▸ What to produce
When you reach the line with "Safety Bells by New England Bells" in the data below, begin printing lines exactly, and stop once the line with "Ideal TWO PIECE" has been printed.

▸ Collected data
****************************************
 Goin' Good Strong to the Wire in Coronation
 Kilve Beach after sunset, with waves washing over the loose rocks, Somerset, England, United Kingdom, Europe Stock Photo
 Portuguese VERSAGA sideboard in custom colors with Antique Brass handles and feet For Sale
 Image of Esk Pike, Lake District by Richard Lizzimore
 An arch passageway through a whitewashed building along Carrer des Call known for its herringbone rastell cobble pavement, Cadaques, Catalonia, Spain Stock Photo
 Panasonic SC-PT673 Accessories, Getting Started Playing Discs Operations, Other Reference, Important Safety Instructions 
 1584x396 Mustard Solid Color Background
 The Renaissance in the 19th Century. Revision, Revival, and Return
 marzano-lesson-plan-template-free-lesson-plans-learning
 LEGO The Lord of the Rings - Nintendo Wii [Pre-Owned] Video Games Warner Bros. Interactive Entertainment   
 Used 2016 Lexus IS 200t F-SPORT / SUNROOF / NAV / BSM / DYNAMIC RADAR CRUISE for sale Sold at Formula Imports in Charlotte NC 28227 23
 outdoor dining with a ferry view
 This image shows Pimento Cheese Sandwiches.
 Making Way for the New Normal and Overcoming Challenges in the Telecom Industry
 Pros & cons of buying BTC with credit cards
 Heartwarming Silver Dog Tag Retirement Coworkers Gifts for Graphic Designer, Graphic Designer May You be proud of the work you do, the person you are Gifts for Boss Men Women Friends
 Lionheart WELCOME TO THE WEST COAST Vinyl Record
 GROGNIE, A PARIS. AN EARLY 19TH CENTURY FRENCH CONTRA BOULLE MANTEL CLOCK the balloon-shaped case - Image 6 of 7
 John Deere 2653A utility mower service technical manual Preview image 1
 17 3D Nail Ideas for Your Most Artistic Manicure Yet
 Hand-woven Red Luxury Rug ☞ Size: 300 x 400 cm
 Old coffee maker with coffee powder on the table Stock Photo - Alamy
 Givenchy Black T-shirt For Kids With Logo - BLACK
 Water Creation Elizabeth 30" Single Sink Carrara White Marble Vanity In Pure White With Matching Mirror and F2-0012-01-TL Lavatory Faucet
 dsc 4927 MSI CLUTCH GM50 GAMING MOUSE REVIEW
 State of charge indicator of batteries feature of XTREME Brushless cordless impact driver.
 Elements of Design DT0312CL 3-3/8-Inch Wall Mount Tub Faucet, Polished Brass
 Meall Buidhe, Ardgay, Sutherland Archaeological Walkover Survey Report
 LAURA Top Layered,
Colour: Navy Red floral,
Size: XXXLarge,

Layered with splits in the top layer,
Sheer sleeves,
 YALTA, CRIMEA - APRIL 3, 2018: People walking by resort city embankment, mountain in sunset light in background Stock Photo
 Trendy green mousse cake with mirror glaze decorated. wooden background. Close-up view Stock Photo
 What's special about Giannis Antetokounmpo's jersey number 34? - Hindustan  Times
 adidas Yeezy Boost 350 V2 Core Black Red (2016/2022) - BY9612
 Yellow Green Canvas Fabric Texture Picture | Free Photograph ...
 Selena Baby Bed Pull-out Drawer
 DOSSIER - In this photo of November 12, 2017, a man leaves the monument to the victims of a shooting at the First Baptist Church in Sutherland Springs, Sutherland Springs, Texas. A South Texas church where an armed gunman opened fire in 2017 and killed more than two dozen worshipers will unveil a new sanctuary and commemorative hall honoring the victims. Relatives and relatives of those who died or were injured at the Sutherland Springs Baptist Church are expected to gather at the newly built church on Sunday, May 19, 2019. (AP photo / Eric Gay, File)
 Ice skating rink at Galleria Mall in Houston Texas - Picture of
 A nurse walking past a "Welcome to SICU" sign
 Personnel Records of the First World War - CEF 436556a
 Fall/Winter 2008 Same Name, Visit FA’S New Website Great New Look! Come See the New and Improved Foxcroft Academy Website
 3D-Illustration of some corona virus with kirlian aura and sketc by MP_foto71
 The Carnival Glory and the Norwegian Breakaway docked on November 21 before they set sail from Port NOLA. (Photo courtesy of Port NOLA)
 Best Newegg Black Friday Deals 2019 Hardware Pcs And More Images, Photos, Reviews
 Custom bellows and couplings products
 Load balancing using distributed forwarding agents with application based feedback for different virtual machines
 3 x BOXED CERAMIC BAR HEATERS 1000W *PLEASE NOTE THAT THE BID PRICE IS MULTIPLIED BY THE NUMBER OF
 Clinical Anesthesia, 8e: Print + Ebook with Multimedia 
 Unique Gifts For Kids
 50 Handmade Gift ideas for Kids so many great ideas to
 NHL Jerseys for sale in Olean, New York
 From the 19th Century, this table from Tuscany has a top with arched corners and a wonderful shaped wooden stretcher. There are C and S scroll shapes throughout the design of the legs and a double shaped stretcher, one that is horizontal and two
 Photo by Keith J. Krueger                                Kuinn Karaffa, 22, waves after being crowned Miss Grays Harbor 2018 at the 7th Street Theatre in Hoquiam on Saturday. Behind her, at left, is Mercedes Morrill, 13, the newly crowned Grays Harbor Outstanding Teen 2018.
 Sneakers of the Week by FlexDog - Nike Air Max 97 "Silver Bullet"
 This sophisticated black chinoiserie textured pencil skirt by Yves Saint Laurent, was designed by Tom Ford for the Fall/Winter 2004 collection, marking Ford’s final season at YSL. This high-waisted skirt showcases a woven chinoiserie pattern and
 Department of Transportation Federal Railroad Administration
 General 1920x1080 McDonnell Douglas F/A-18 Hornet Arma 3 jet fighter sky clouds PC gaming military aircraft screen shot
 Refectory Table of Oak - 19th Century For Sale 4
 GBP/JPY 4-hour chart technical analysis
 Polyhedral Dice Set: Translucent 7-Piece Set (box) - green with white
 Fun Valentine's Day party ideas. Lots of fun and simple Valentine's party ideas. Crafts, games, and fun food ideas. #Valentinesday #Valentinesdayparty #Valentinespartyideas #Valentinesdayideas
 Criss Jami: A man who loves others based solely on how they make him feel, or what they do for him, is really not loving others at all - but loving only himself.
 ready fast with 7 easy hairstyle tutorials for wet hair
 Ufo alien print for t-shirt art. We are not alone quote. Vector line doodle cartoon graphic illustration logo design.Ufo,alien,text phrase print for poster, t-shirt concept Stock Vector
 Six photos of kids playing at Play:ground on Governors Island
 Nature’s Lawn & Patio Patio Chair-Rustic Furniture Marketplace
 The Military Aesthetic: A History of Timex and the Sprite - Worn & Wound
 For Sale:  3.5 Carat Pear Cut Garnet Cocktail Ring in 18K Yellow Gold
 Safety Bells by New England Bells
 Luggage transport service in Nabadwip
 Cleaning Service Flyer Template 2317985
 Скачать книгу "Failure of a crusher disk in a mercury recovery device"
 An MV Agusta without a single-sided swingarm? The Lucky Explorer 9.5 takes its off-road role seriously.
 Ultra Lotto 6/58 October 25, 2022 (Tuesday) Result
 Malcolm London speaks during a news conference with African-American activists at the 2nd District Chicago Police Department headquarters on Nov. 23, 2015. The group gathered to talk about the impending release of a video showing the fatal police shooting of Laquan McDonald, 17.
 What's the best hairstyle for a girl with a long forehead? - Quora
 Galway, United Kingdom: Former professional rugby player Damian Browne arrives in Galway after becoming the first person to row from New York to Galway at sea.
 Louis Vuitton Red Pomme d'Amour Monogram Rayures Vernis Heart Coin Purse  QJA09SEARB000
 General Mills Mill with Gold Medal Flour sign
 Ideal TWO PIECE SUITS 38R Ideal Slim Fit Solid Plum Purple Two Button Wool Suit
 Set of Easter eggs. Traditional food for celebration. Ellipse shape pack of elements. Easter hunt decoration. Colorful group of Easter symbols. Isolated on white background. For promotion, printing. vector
****************************************
▸ Answer space
 Safety Bells by New England Bells
 Luggage transport service in Nabadwip
 Cleaning Service Flyer Template 2317985
 Скачать книгу "Failure of a crusher disk in a mercury recovery device"
 An MV Agusta without a single-sided swingarm? The Lucky Explorer 9.5 takes its off-road role seriously.
 Ultra Lotto 6/58 October 25, 2022 (Tuesday) Result
 Malcolm London speaks during a news conference with African-American activists at the 2nd District Chicago Police Department headquarters on Nov. 23, 2015. The group gathered to talk about the impending release of a video showing the fatal police shooting of Laquan McDonald, 17.
 What's the best hairstyle for a girl with a long forehead? - Quora
 Galway, United Kingdom: Former professional rugby player Damian Browne arrives in Galway after becoming the first person to row from New York to Galway at sea.
 Louis Vuitton Red Pomme d'Amour Monogram Rayures Vernis Heart Coin Purse  QJA09SEARB000
 General Mills Mill with Gold Medal Flour sign
 Ideal TWO PIECE SUITS 38R Ideal Slim Fit Solid Plum Purple Two Button Wool Suit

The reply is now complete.